Create a directory named HomePricesProject inside your private class GitHub repository. Store all work for this project in this directory.
Read the article Modeling Home Prices Using Realtor Data.
Create an Rmarkdown document named Project1.Rmd inside the HomePricesProject directory. Complete all subsequent directions in this document.
Read the data from http://ww2.amstat.org/publications/jse/datasets/homes76.dat.txt into an R object named HP.
Remove columns 1, 7, 10, 15, 16, 17, 18, and 19 from HP and store the result back in HP.
Name the columns in HP price, size, lot, bath, bed, year, age, garage, status, active, and elem, respectively.

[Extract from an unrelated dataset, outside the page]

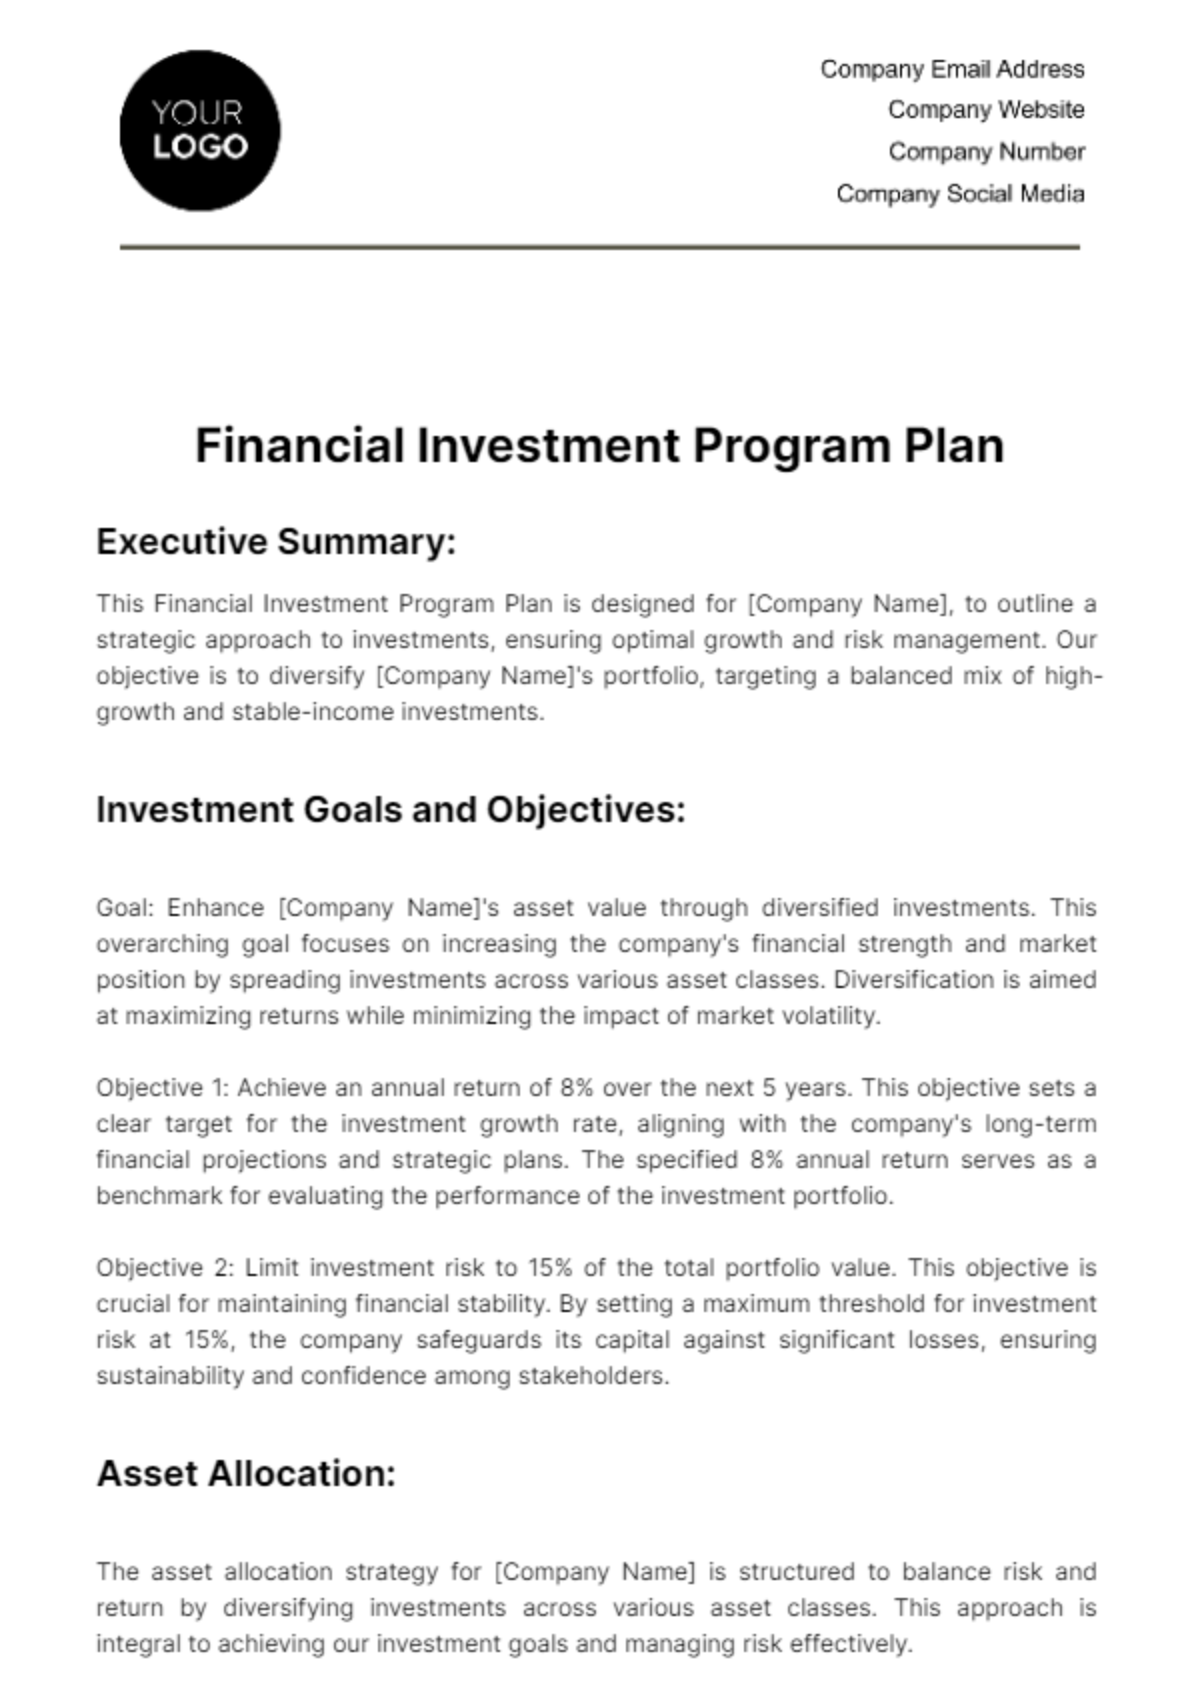 Free Financial Investment Program Plan Template
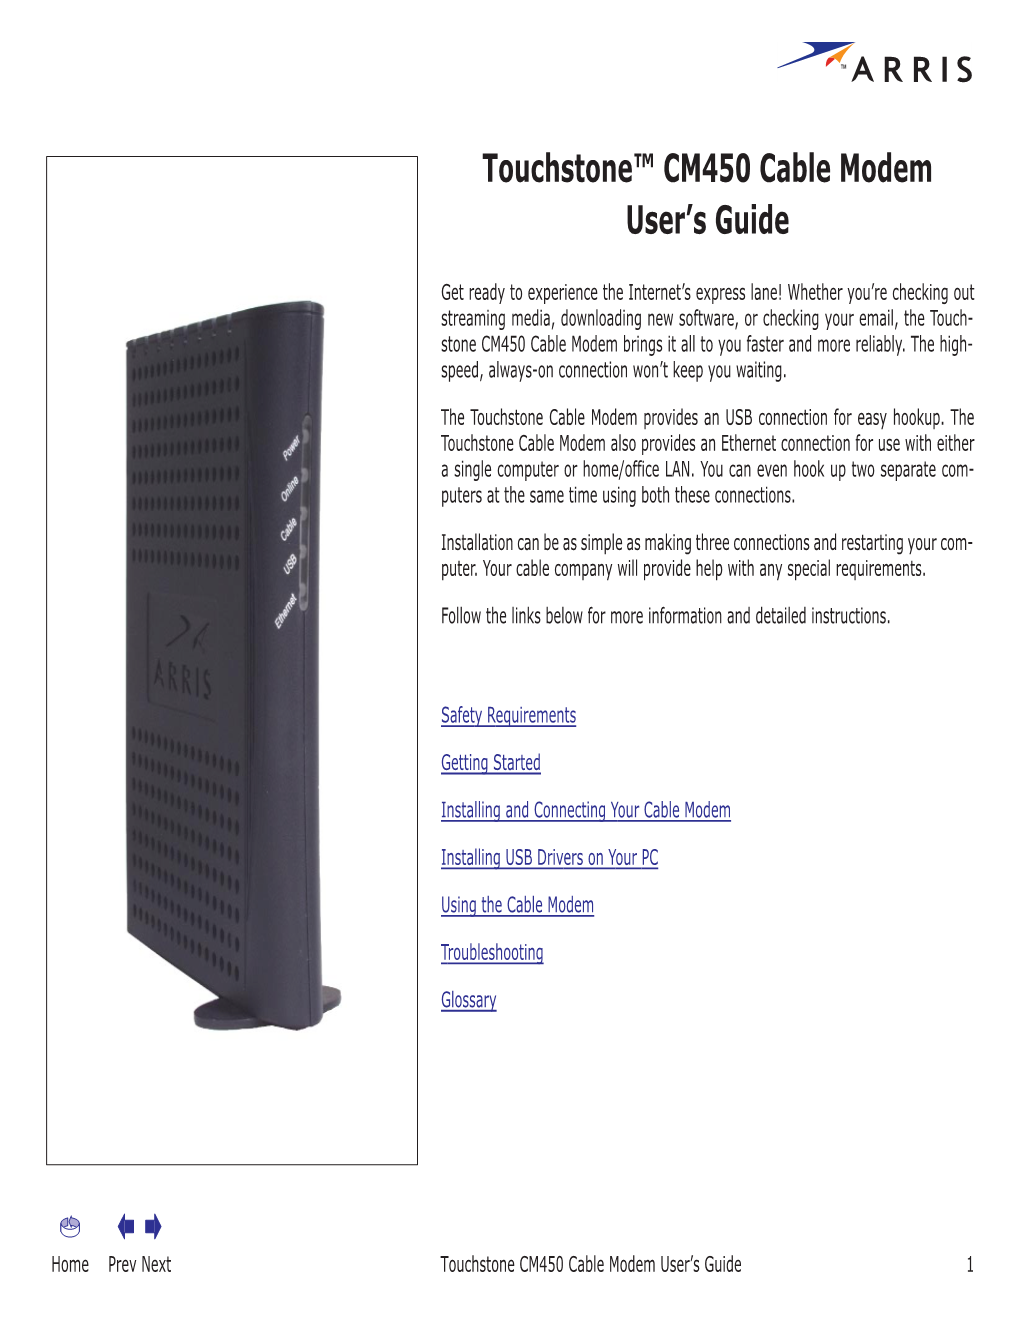 Touchstone CM450 Cable Modem User's Guide

Use the function datatable from the DT package to display the data from HP. Your data display should look similar to the one below.
Explore the data for variables that might help explain the price of a house.
What are the units for price and size? Use the function stepAIC from the MASS package to create models using forward selection and backward elimination. Store the model from backward elimination in an object named mod.be and the model from forward selection in an object named mod.fs.
Which model (mod.be or mod.fs) do you believe is better and why?
Create a model and name it mod1 that regresses price on all of the variables in HP with the exception of status and year. Produce a summary of mod1 and graph the residuals using residualPlots from the car package. Based on your residual plots, what might you do to mod1? Report the adjusted \(R^2\) value for mod1.
Create a new model (mod2) by adding bath:bed and age\(^2\) to mod1. Report the adjusted \(R^2\) value for mod2.
Create a new model (mod3) by using only edison and harris from elem from mod2. Hint: use I(). Your estimated coefficients should agree with those in the article. Conduct a nested F-test (anova(mod3, mod2)). Does your p-value agree with the one presented in the article? Interpret this test. Report the adjusted \(R^2\) value for mod3.
Compute the training mean square prediction error for all five of the models. Which model has the smallest training mean square prediction error? Do you think this model will also have the smallest test mean square prediction error?
Use mod3 to create a 95% prediction interval for a home with the following features: 1879 feet, lot size category 4, two and a half baths, three bedrooms, built in 1975, two-car garage, and near Parker Elementary School.
EXTRA CREDIT: Install the package effects and run the following code:
library(effects)
plot(allEffects(mod2))
plot(effect("bath*bed", mod2))
plot(effect("bath*bed", mod2, xlevels=list(bed=2:5)))
plot(effect("bath*bed", mod2, xlevels=list(bath=1:3)))
Explain what each set of graphs is showing.